Breakingviews - Volkswagen valuation merits shift to higher gear

The new electric Volkswagen model ID. 4 is shown during a media presentation in Zwickau, Germany, September 18, 2020.

LONDON (Reuters Breakingviews) - Volkswagen has finally put its foot on the gas. Shares in the 110 billion euro automaker rose nearly 5% on Tuesday after it outlined plans to double electric vehicle deliveries this year to boost pandemic-damaged profitability. Were boss Herbert Diess to focus attention on VW’s valuation, they could shift yet higher.

VW is up a third this year, outperforming a 16% rise in Europe’s STOXX 600 Automobiles benchmark. That’s largely down to a swift pandemic rebound in China, VW’s biggest single market, and a transformational electric strategy which saw sales of battery cars and hybrids roughly triple year-on-year to 422,000 vehicles in 2020. Diess now wants to accelerate that to 1 million units this year while rolling out new software sales across VW’s fast-expanding electrified fleet. One way of turbocharging that might be listing part of its sports-car brand Porsche. Another more lucrative way could be to eventually spin off its battery car unit altogether.

UBS reckons Diess can flog 2.57 million electric cars by 2025 – below its 3 million targets.
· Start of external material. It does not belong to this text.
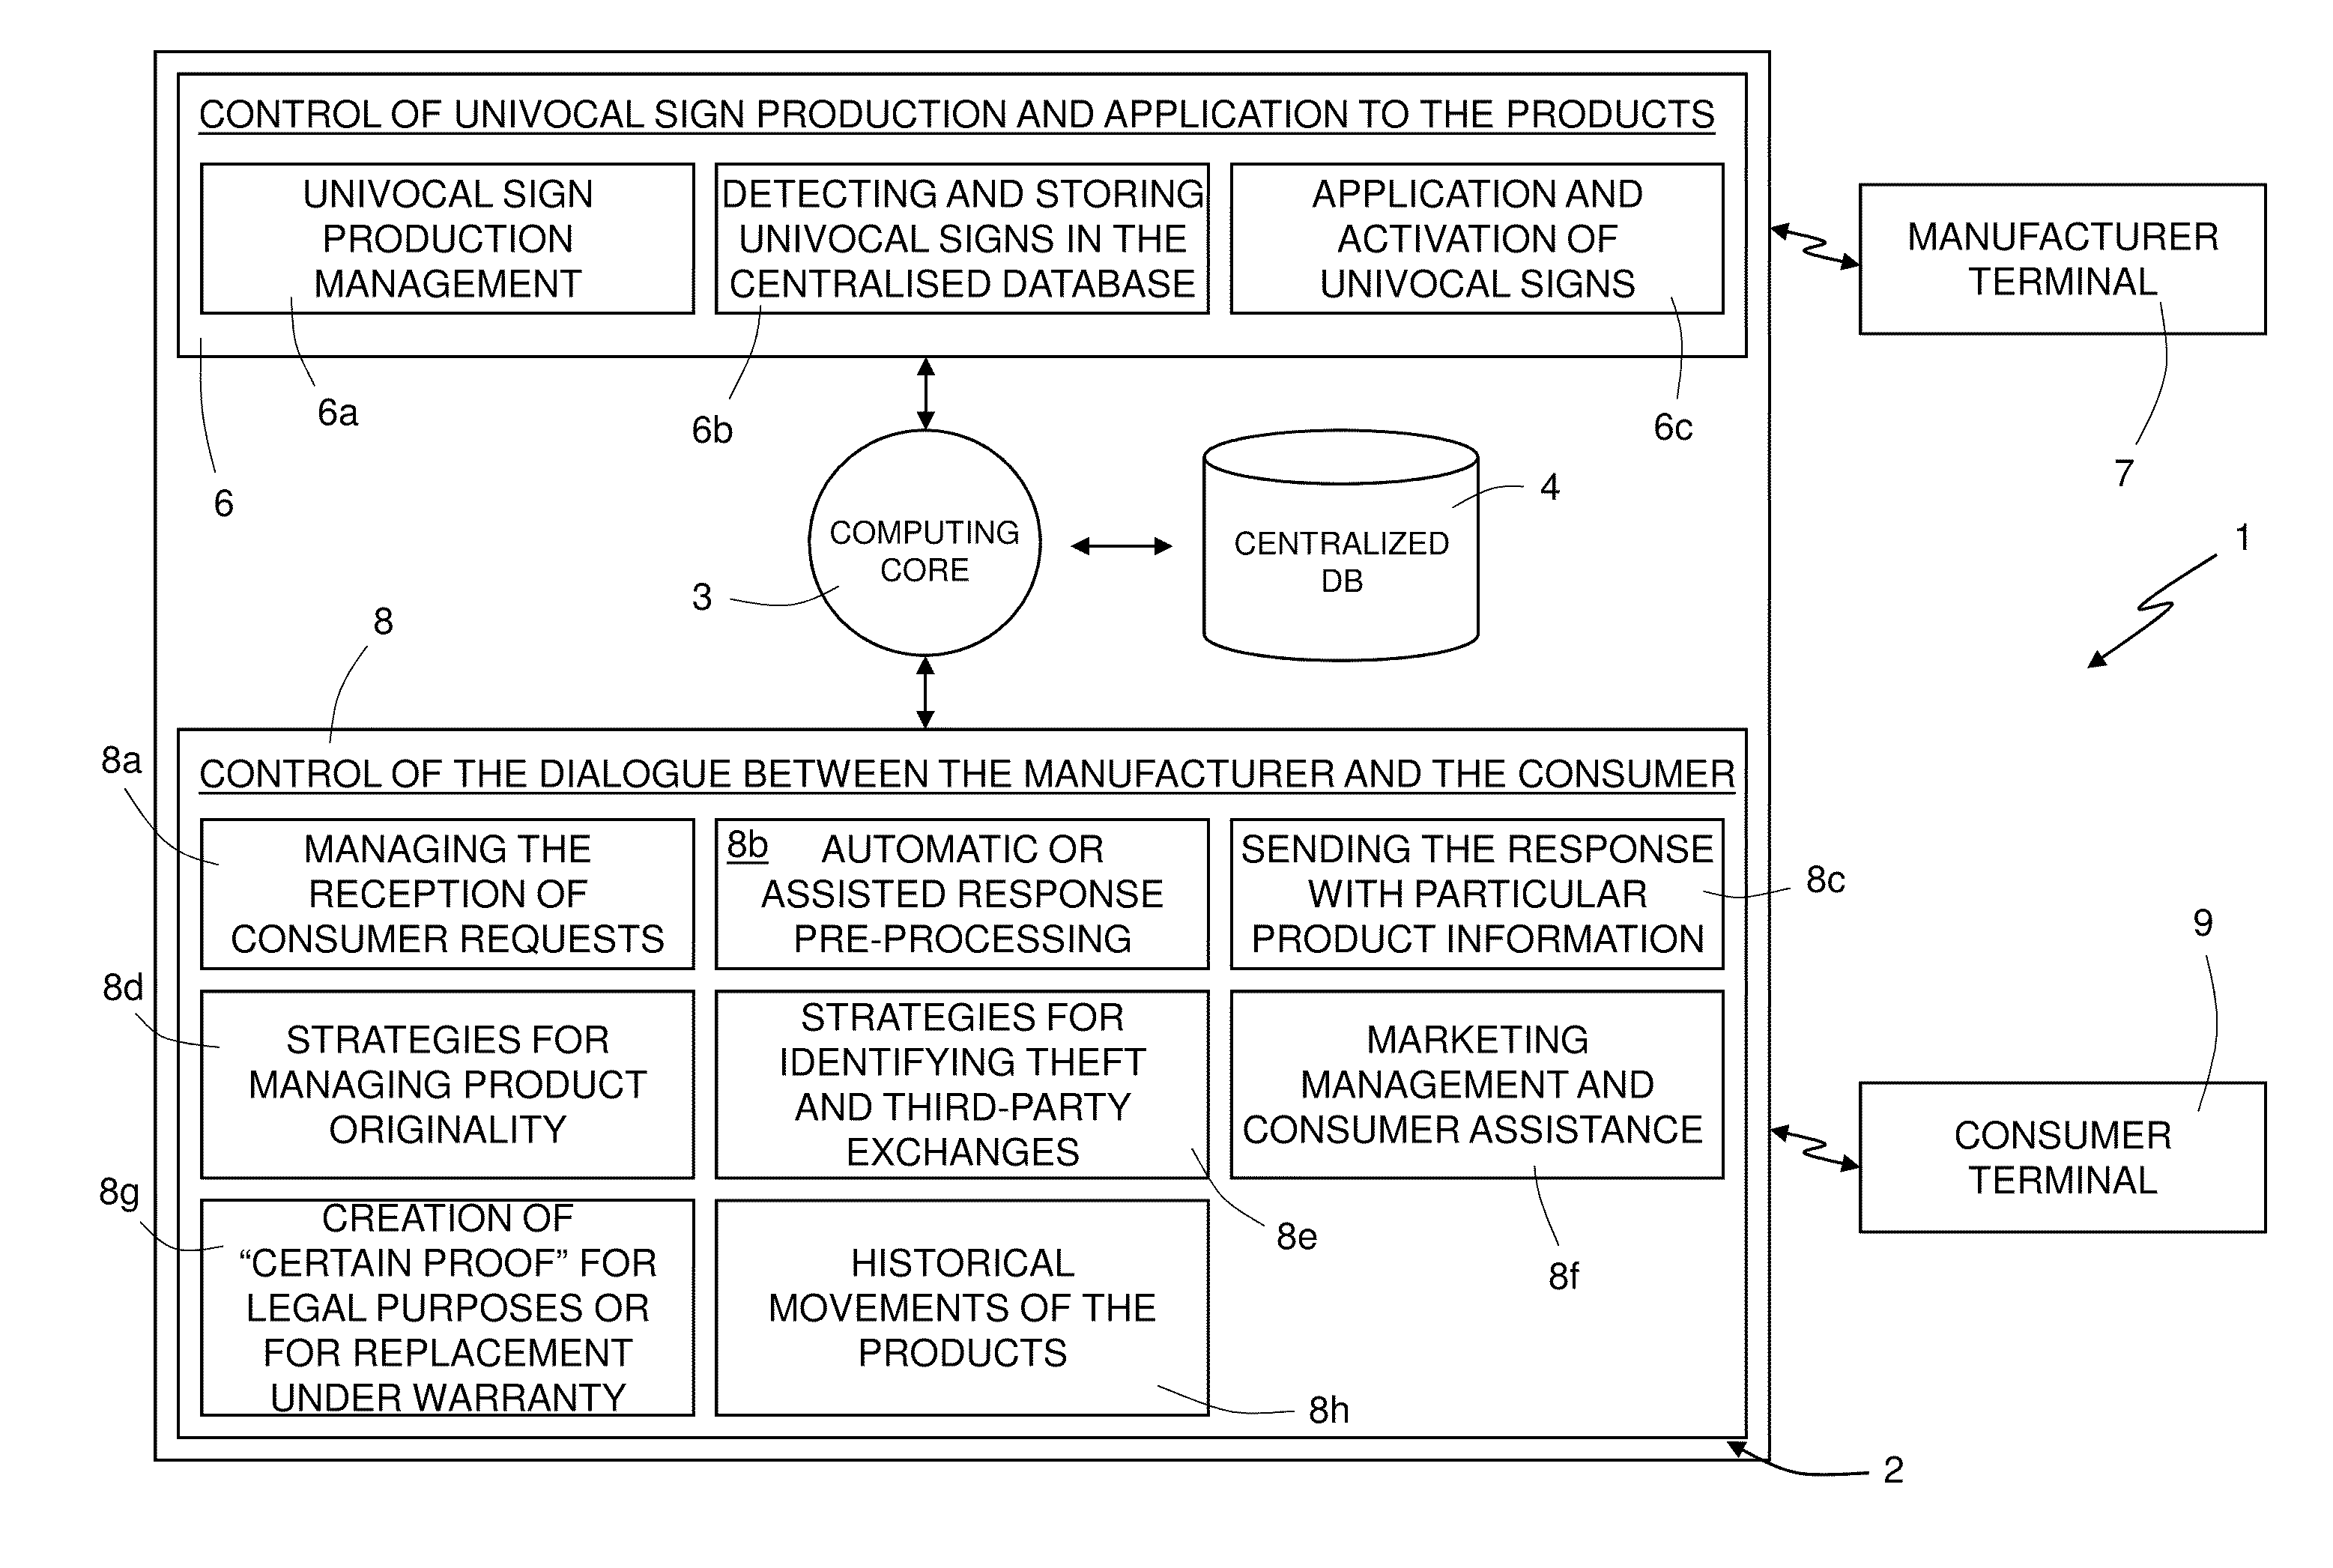 Centralized and computerized control system for checking the authenticity of a product

Assuming an average price of 39,000 euros, the base price for VW’s cheaper ID.3 electric model and a 5% operating margin – broadly the same as what UBS reckons a combustion engine Golf currently contributes – implies it can generate over 5 billion euros in operating profit. Put that on a 20 times multiple analysts see as reasonable to reflect fast growth without reaching Tesla’s inflated 115 times heights, and the division might be worth 100 billion euros.

Throw in a software unit potentially worth 186 billion euros, according to a Breakingviews calculation, and Diess may have two businesses worth more than double the carmaker’s current equity value. That excludes legacy combustion engines which will still account for the majority of VW’s sales in the foreseeable future.

True, actually hiving off divisions into separate entities may be fanciful given the Porsche-Piech family clan and heavy trade union influence has tended to stymie similar offloads of undervalued marques like Lamborghini. But there’s nothing to stop Diess floating the idea to get investors to focus on his valuation potential – even if he doesn’t do it.